Whenever you get big groupings of people in an area, that’s when you’ll find the food from their home country,” says Dave McHugh, who grew up in New York state but has been basking in the San Diego sun for decades now and hasn’t looked back. He’s chef of Pavilion Dining at the University of San Diego (USD), a small Catholic school that overlooks the cactus-covered hills of the city, a place that owes much of its culinary scene to Mexico.
For the USD foodservice team, translating Mexican heritage to the plate means featuring—and respecting—the foundational ingredients of the Mexican kitchen: corn, tomatoes, beans, chilies and onions.
That means lots and lots of fresh salsa found just about anytime at the campus eateries, and a lot of street corn.
“Just last Friday we served about 1,600 ears of street corn with cotija, lime, Mexican hot sauce and mayonnaise,” he says. “It’s the kind of thing you can find in Mexico, but also on the side of the road in LA.”
That juxtaposition of the earthy and the flashy, the then and the now, it just makes up a vibrant food culture on the Left Coast that’s unlike anywhere else.
Spa Cuisine that refreshes
One theory of why Californians tend to be so laid back is that they take the time to relax, recharge and rejuvenate. One way to do that is at a spa, where clean, healthful cuisine has been popular for decades.
At UCLA Medical Center, Executive Chef Gabriel Gomez recreates that experience for hospital staff.
That means food that’s lighter and brighter, including Tilapia with Quinoa Kale Salad.
Tri-tip is kind of a big deal
The tri-tip is a cut of beef, but to California barbecue enthusiasts, it’s a way of life. In the late 1950s, it became popular, and is traditionally rubbed with salt, pepper, garlic, other seasonings and grilled over red oak.
This results in a beefy, juicy experience that’s very low cost, since it’s a subprimal cut. California Dreamin’ on a budget.

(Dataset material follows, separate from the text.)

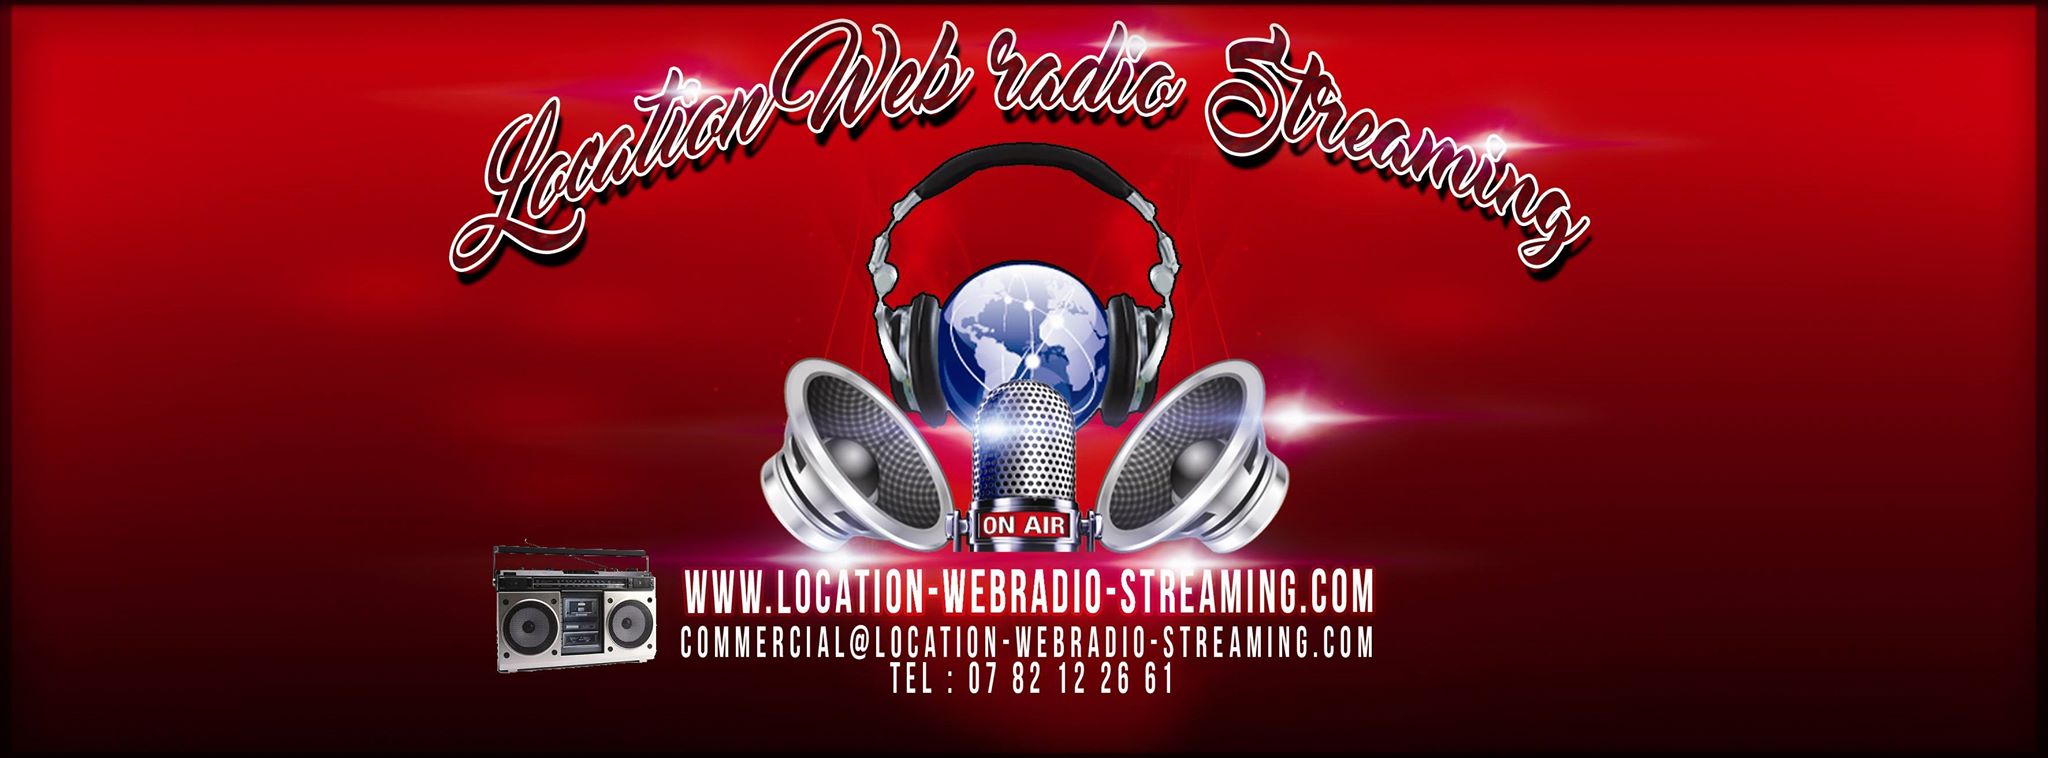 (c) Location-webradio-streaming.com
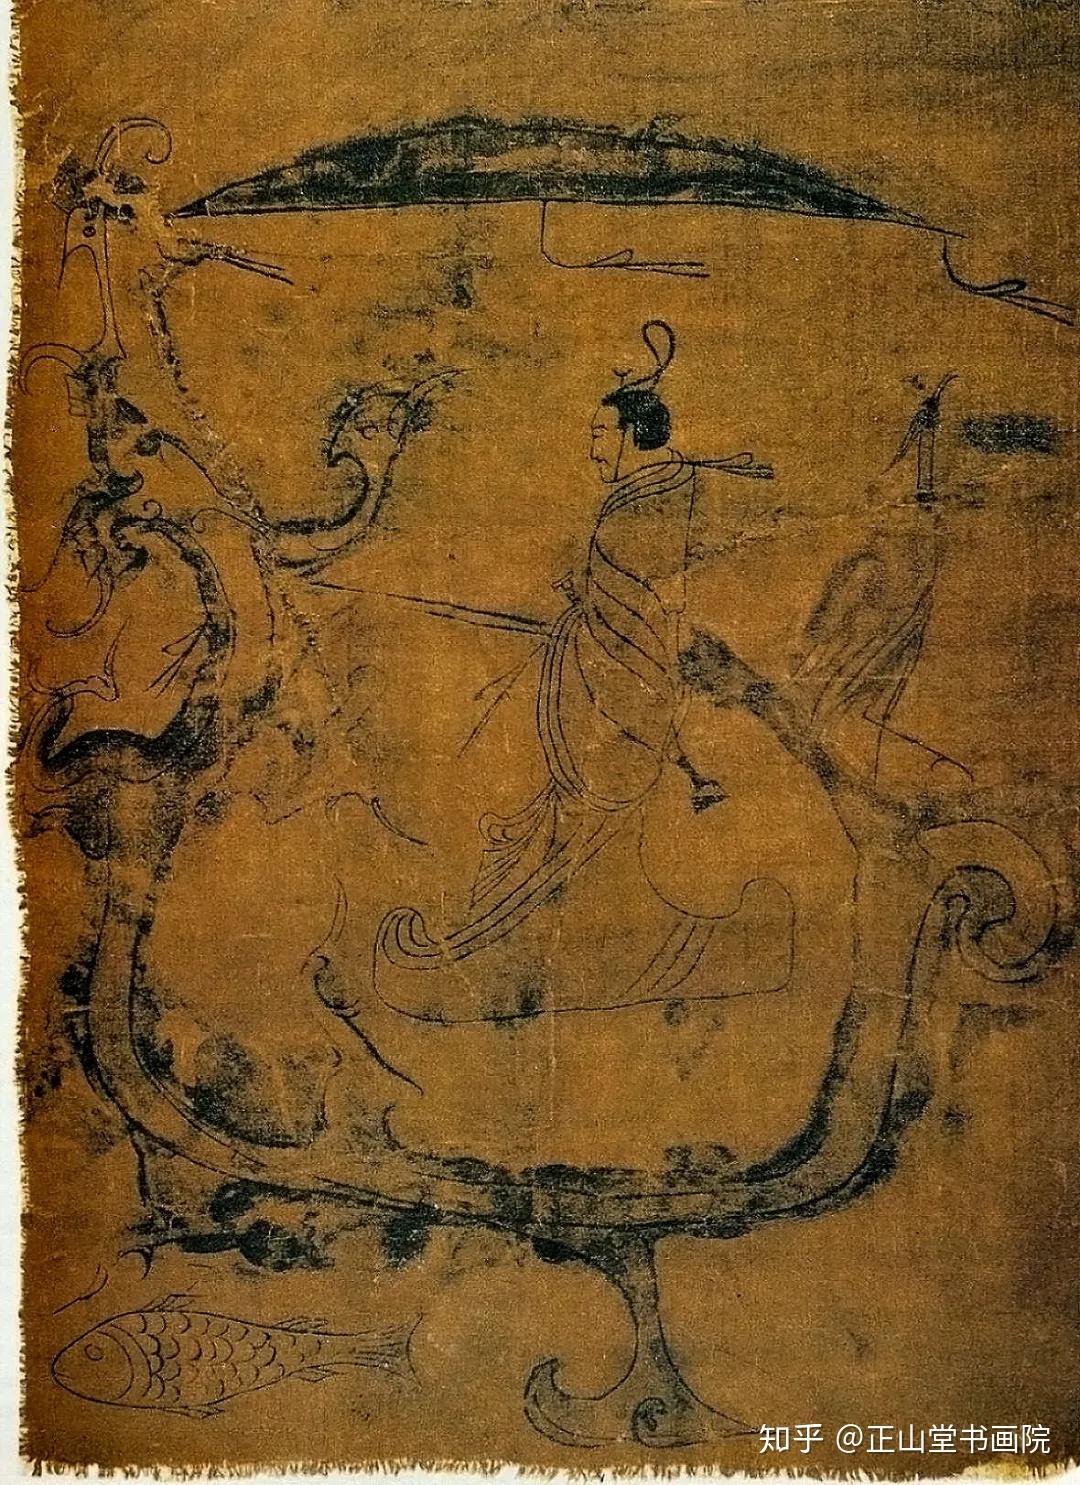 中国现存最早的人物画图片

Heavenly Snacks from the City of Angels
Traditions Bar & Grill, known as “Traddies” to regulars, is a campus pub at the University of Southern California, Los Angeles. It’s a popular spot to watch the big games or just hang out among the 10 flat-screen TVs. When Assistant Kitchen Manager Clayton Miranda wants to give students a taste of fun, funky Southern California, these items are at the top of the list:
Street Tacos: Bulgogi (Korean barbecue) with kimchi slaw and cilantro-onion relish.
Carne Asada Fries: Topped with sharp cheddar and guacamole.
LA Dog: An all-beef hot dog wrapped in bacon on a brioche bun, with caramelized onion and pepper and jalapeño-avocado crema.